### [REQUIRED ACTION]
Start to finish, return the listing below exactly, pictures excluded.
COLLECTED MATERIAL Start Marker
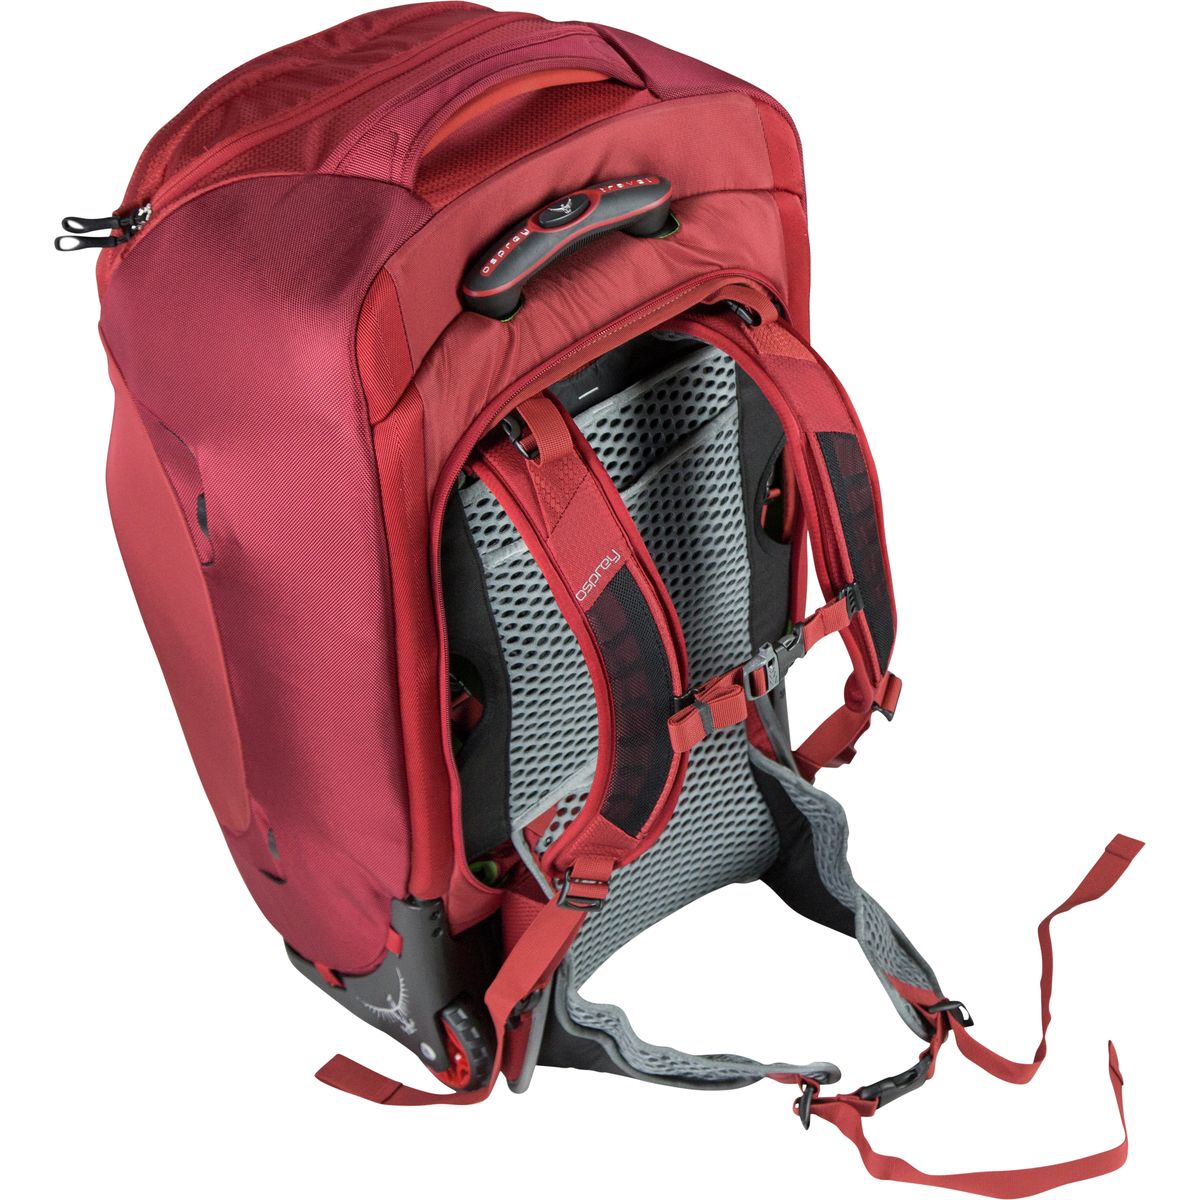 Osprey Packs Sojourn Rolling Gear Bag - Travel
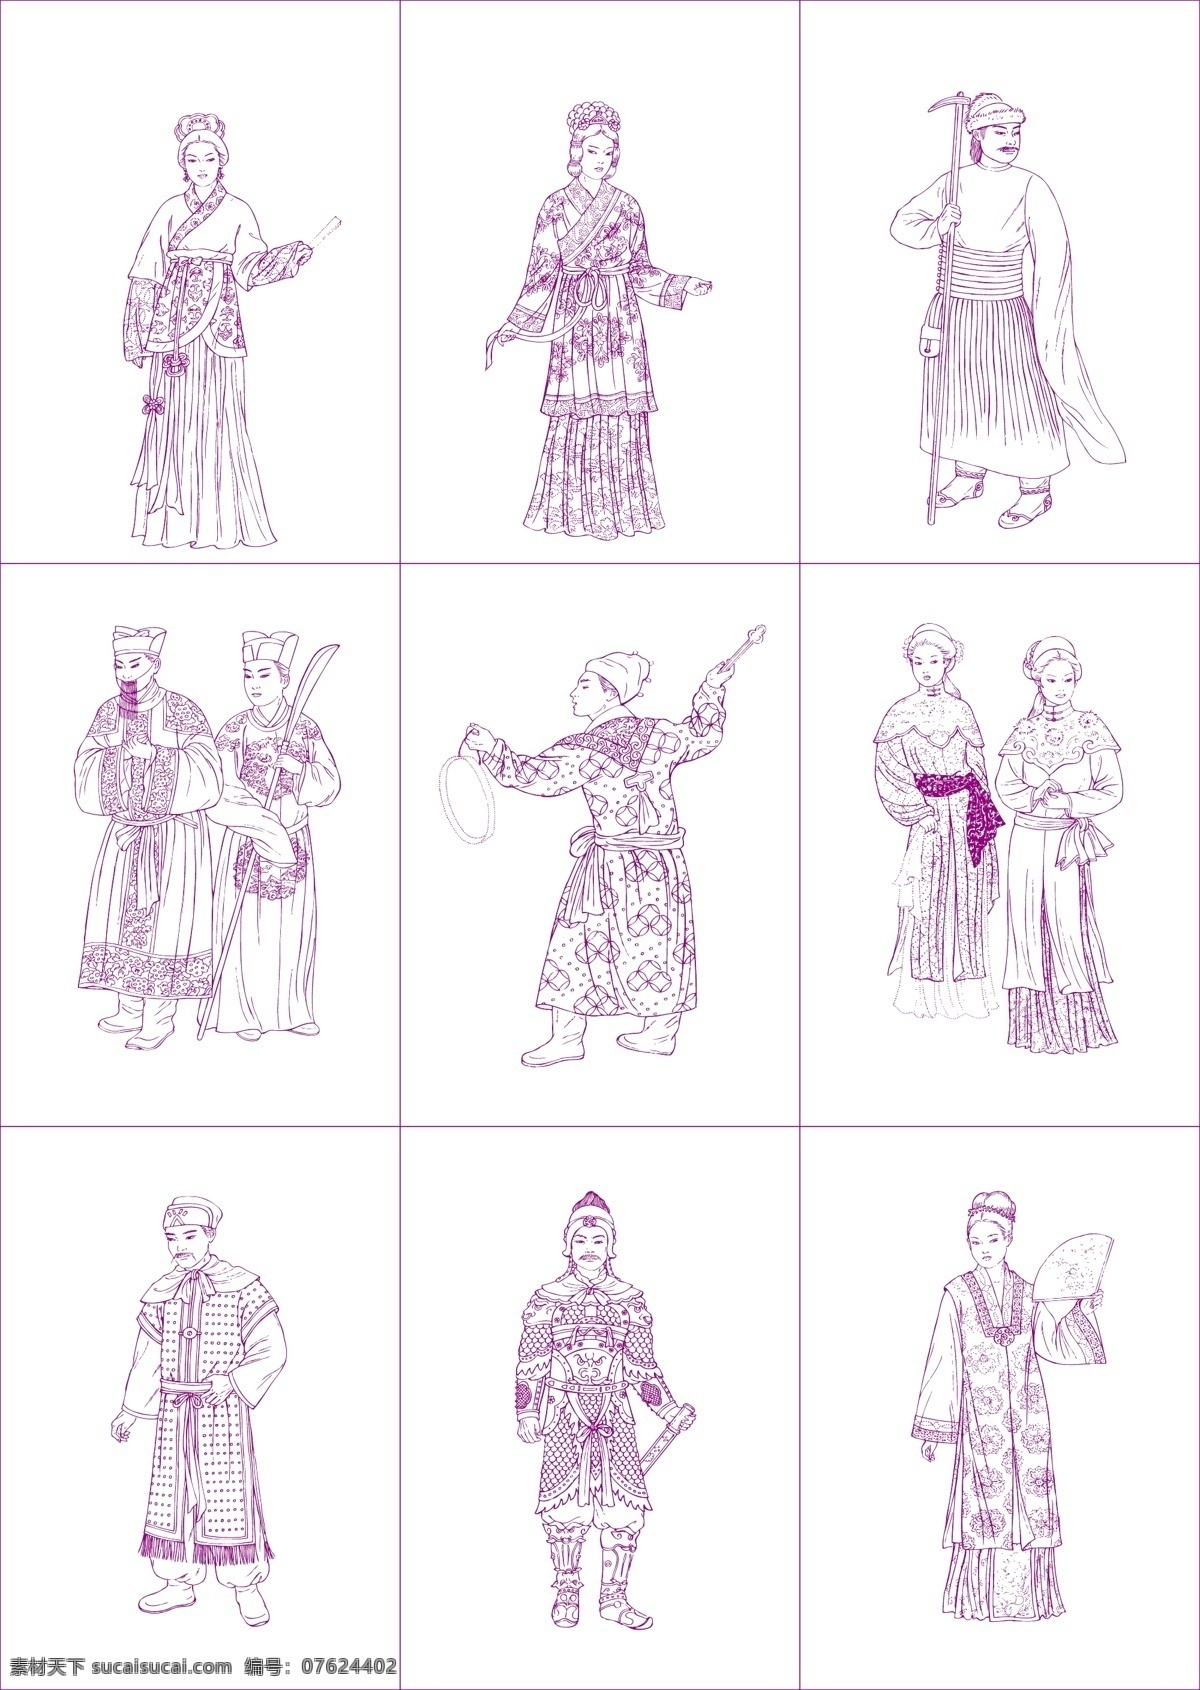 中国 古代 线描 人物 矢量图 妇女 宫 农夫 女性 古代士兵 歌女 矢量 矢量人物
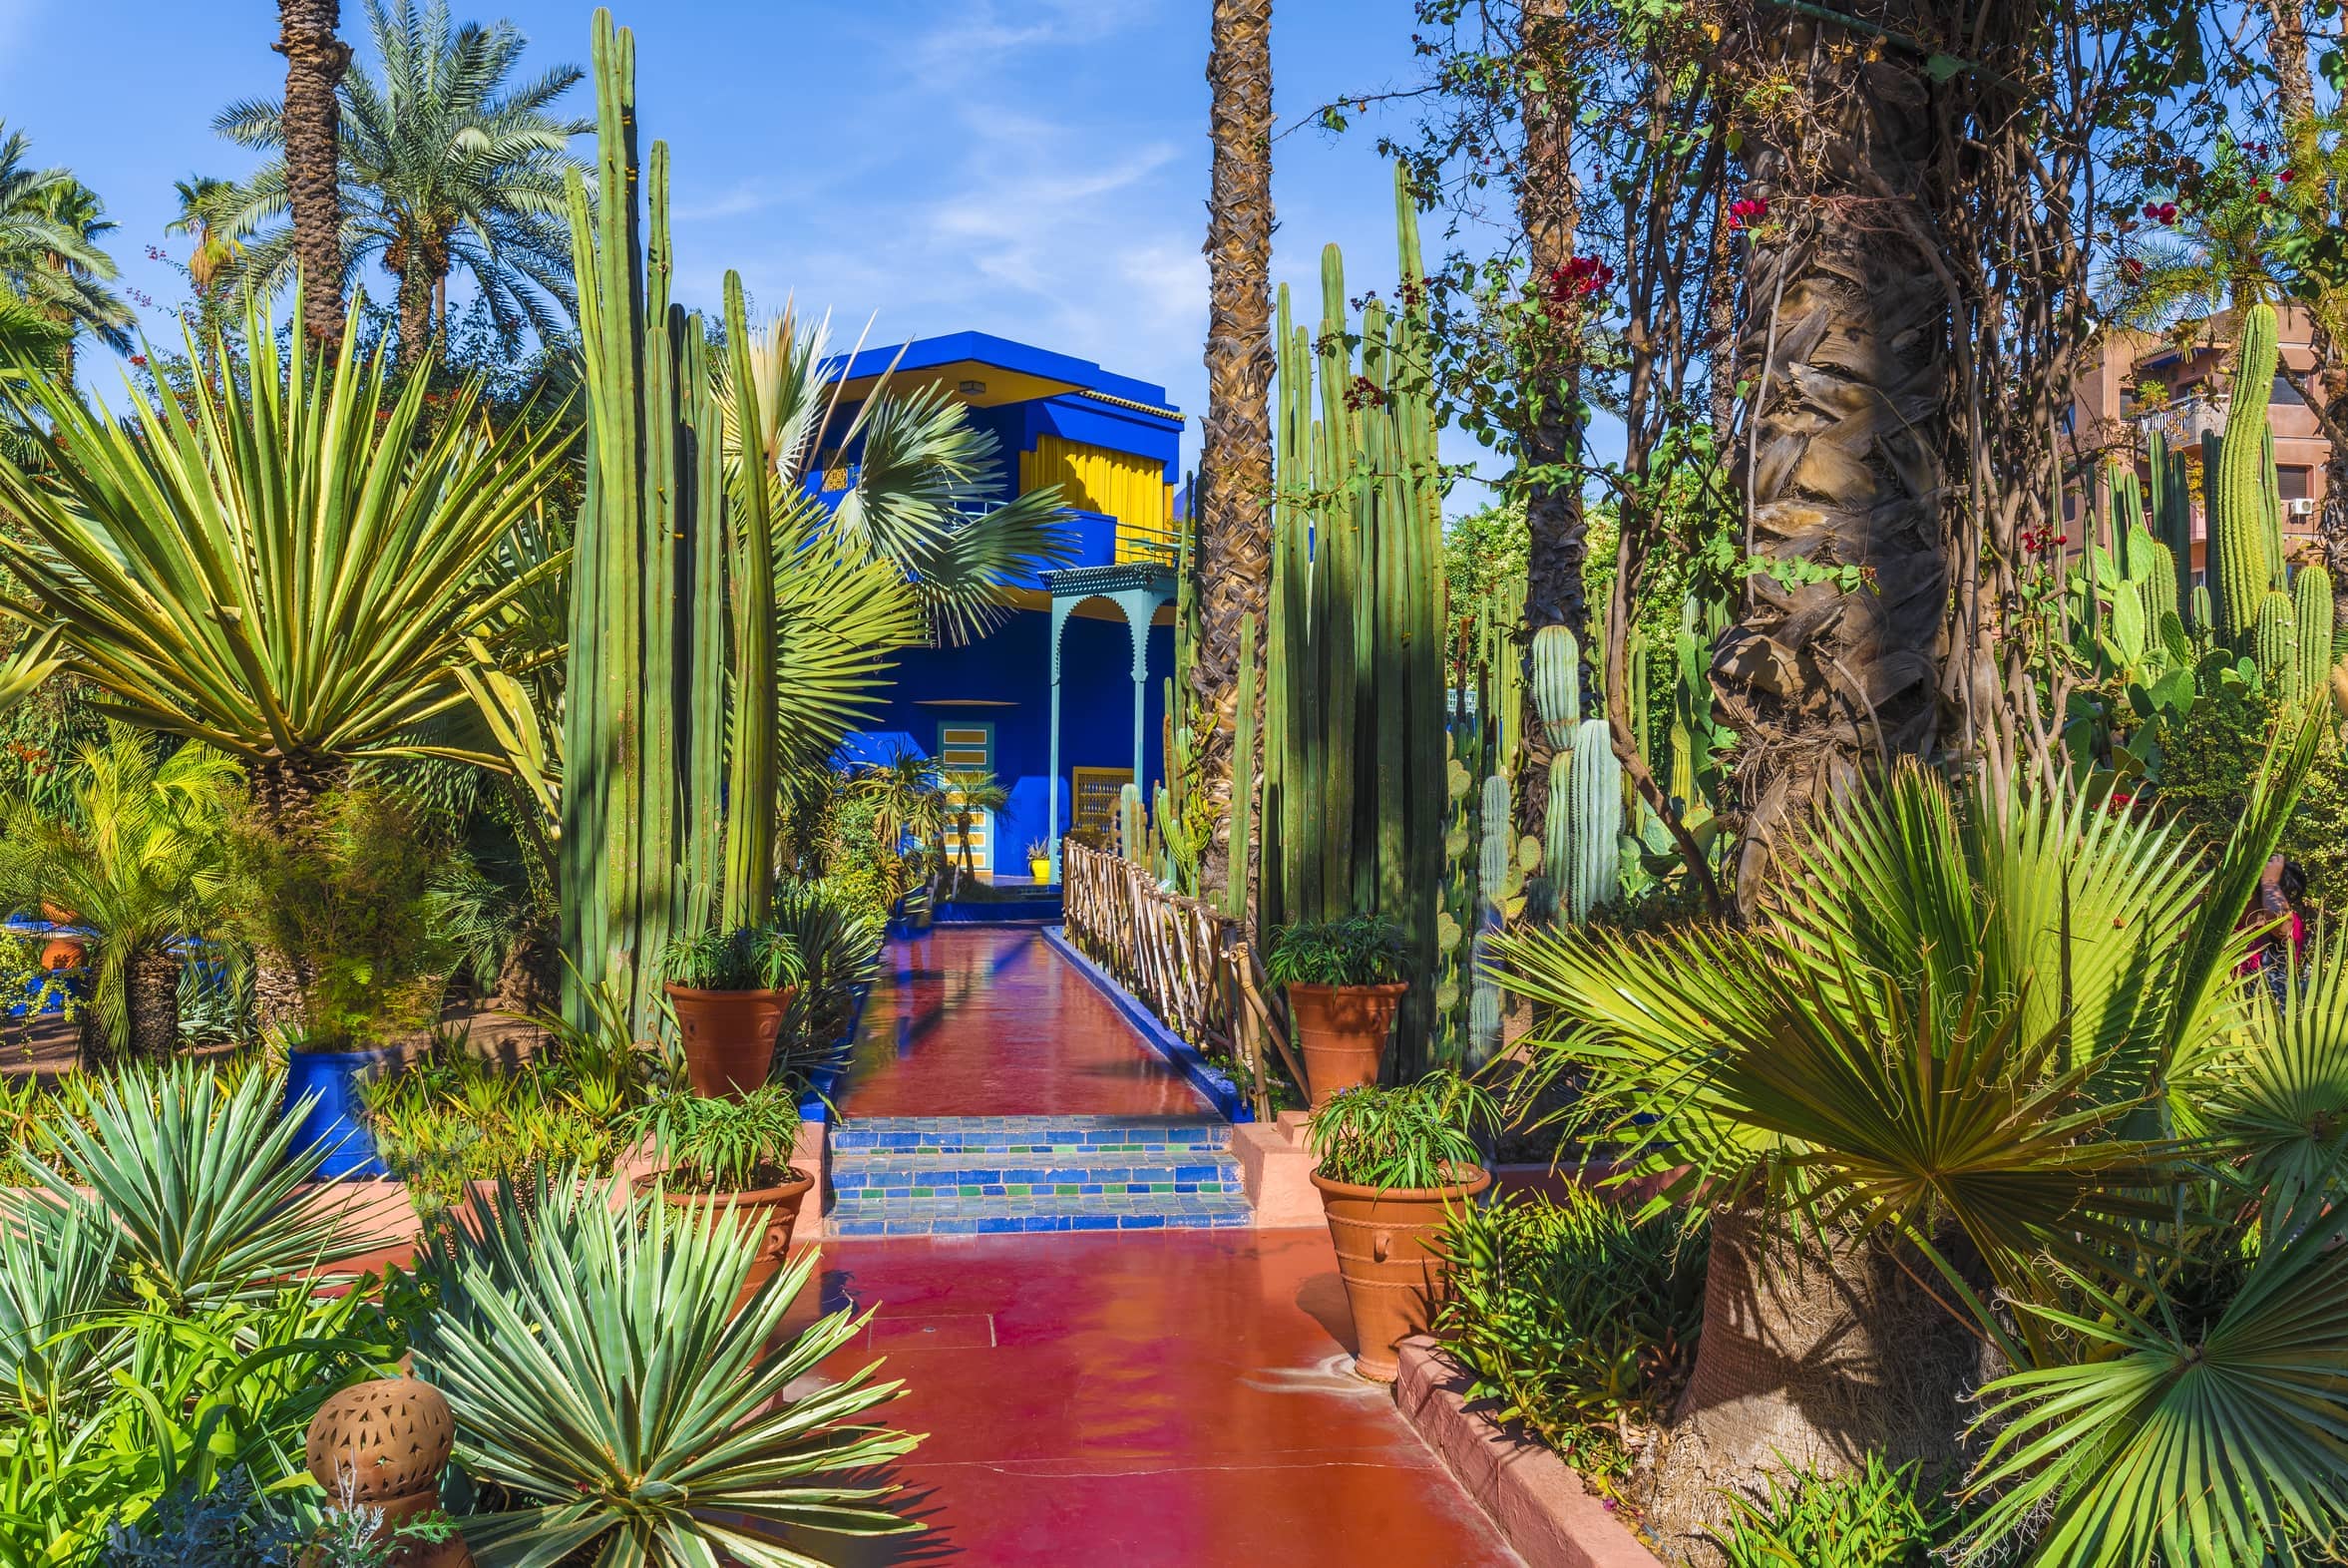 Le Jardin Majorelle, amazing tropical garden in Marrakech, Morocco.
COLLECTED MATERIAL End Marker
### [RESPONSE BELOW]
 Osprey Packs Sojourn Rolling Gear Bag - Travel
 中国 古代 线描 人物 矢量图 妇女 宫 农夫 女性 古代士兵 歌女 矢量 矢量人物
 Le Jardin Majorelle, amazing tropical garden in Marrakech, Morocco.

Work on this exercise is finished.